If you divide the work up into deliverable features, then you have also the possibility to do it the other way around: given a date, you can tell clients what features they may expect.

Why do relative estimates work?

We’ve been working with relative estimates in a real-world large development project, and we’ve found that we can deliver much more reliably. Usually, we’re less than 10% off. Why does it work so well?

I already told the first reason that it works well: comparing work packages is much easier than giving time estimates. But the other reason is that of feedback: the time it requires to complete 10 points of work is not estimated, but measured instead. So this includes all unknowns, all setbacks, all things you even couldn’t think of when you begun. Now on short term, those unknown unknowns vary a lot, but when measured over months, they tend to stabilize. So now the unknown unknowns are included in the estimates. The estimates you can give are now based on actual data, they are not wild guesses anymore.

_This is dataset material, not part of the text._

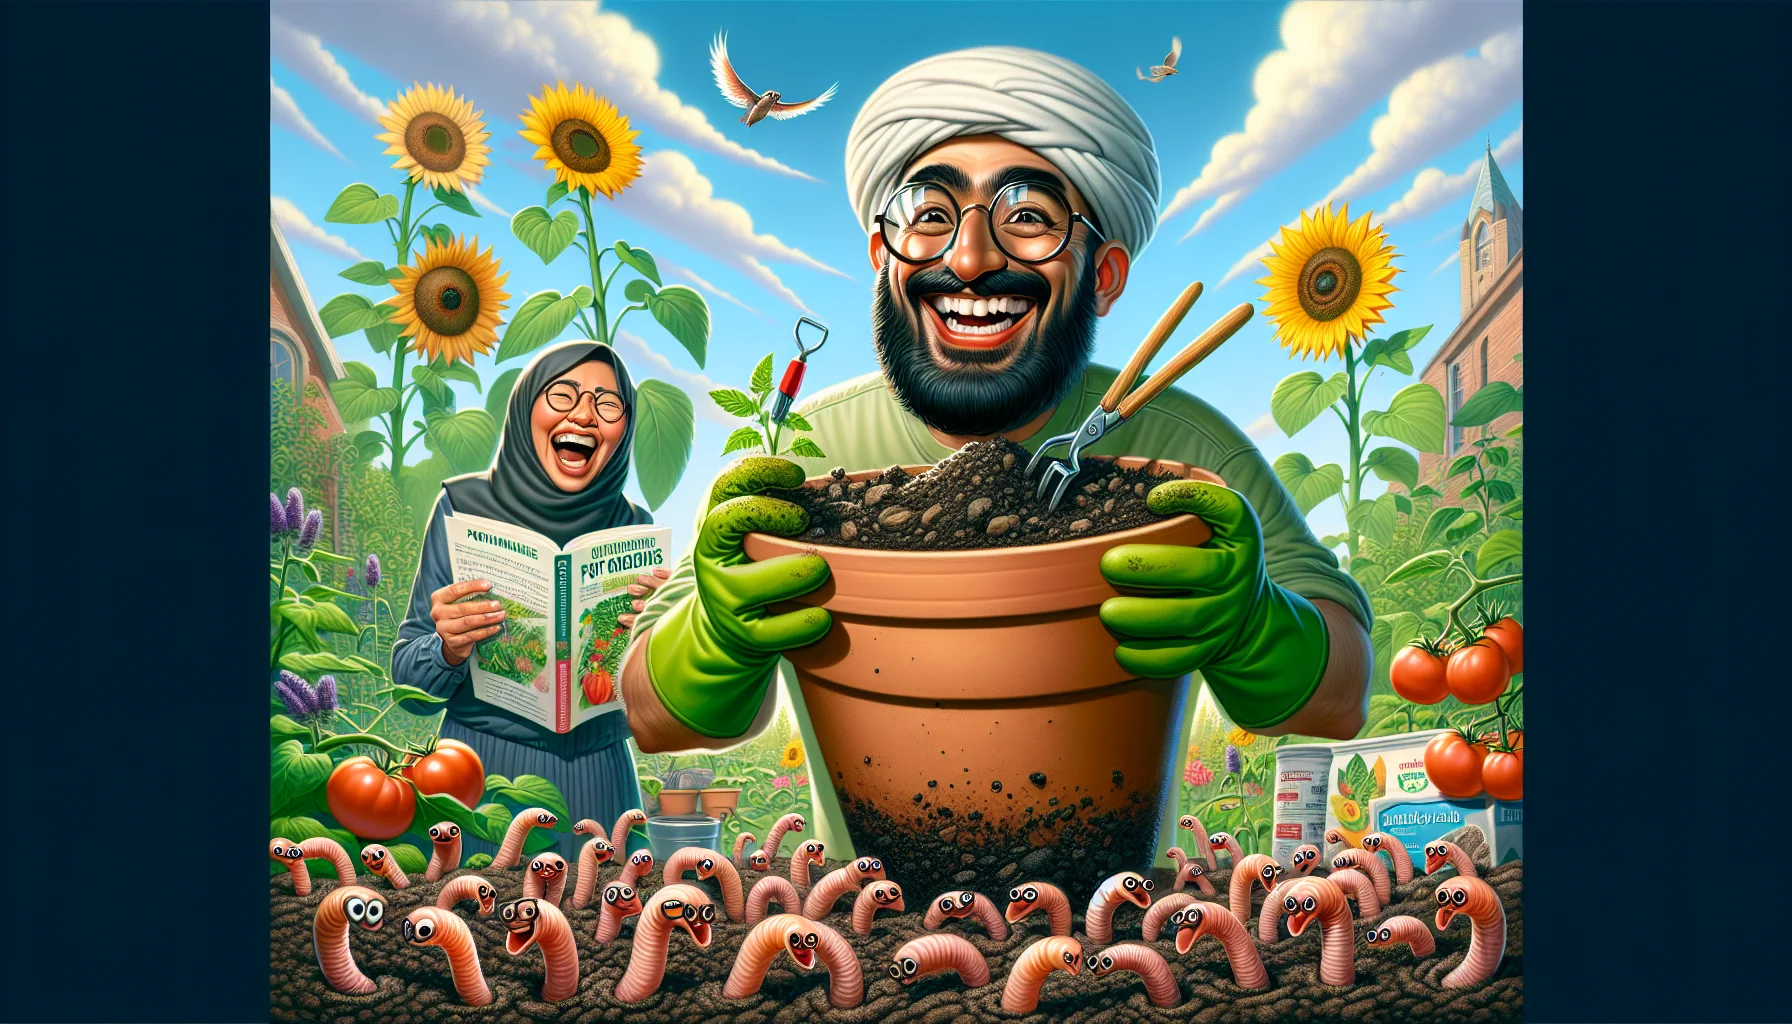 A caricature portrayal of a comedic gardening scenario. A Middle-Eastern male gardener, with a big smile and oversized gloves, is enthusiastically mixing a combination of organic materials, peat moss, and perlite into a large, exaggeratedly immense flower pot, surrounded by a flock of inquisitively watching earthworms donning glasses and reading books on Potting Soil Basics. His South Asian female companion, laughing and holding a bunch of healthy seedlings ready to be potted, joins this lighthearted, inviting scene of an urban garden. The backdrop is filled with towering sunflowers and tomato vines reaching up to a clear sunny sky.

Relative estimates are really relative

Relative estimates, although much more accurate than absolute estimates, do have some drawbacks though. The first thing is that you can only give estimates after the project has started, while sales people need to have an estimate beforehand to offer to the client. In that particular situation, relative estimates may not help much.

This is worsened by the fact that you cannot mix & match estimates: they are context sensitive. If the development team changes, so does the number of points delivered per time period, and therefore the resulting time estimate changes as well. But the technique is also sensitive to the kind of work: when the same team does estimates for different kinds of work (for example, work on an different products), then those estimates result in different time scales. The points actually have a different meaning.

Some time ago, our team had to spend a number of sprints to work on validation tasks rather than doing software development. We were able to deliver at twice the number of points each sprint with the same people. However, when we returned to software development, the old velocity returned as well.

So be careful not to mix up points from different contexts, because then the result does not tell you anything anymore.

High level estimates

In our team, we did an extension to this technique for a long running project. The work was defined as a list of features, but those were very high level. One feature could easily take multiple months. For the features that we started working on, we split the features up into epics, and the epics where split up in stories. Stories were estimated in points. But this meant that only part of the project had a valid estimate, and on a given day, the project manager wanted to know how much was still remaining. But most of the features had no epics yet, and most epics did not have stories. So, next to story points, we introduced epic points and feature points. By measuring completed epics and features, we were able to give an estimate for the remainder of the work.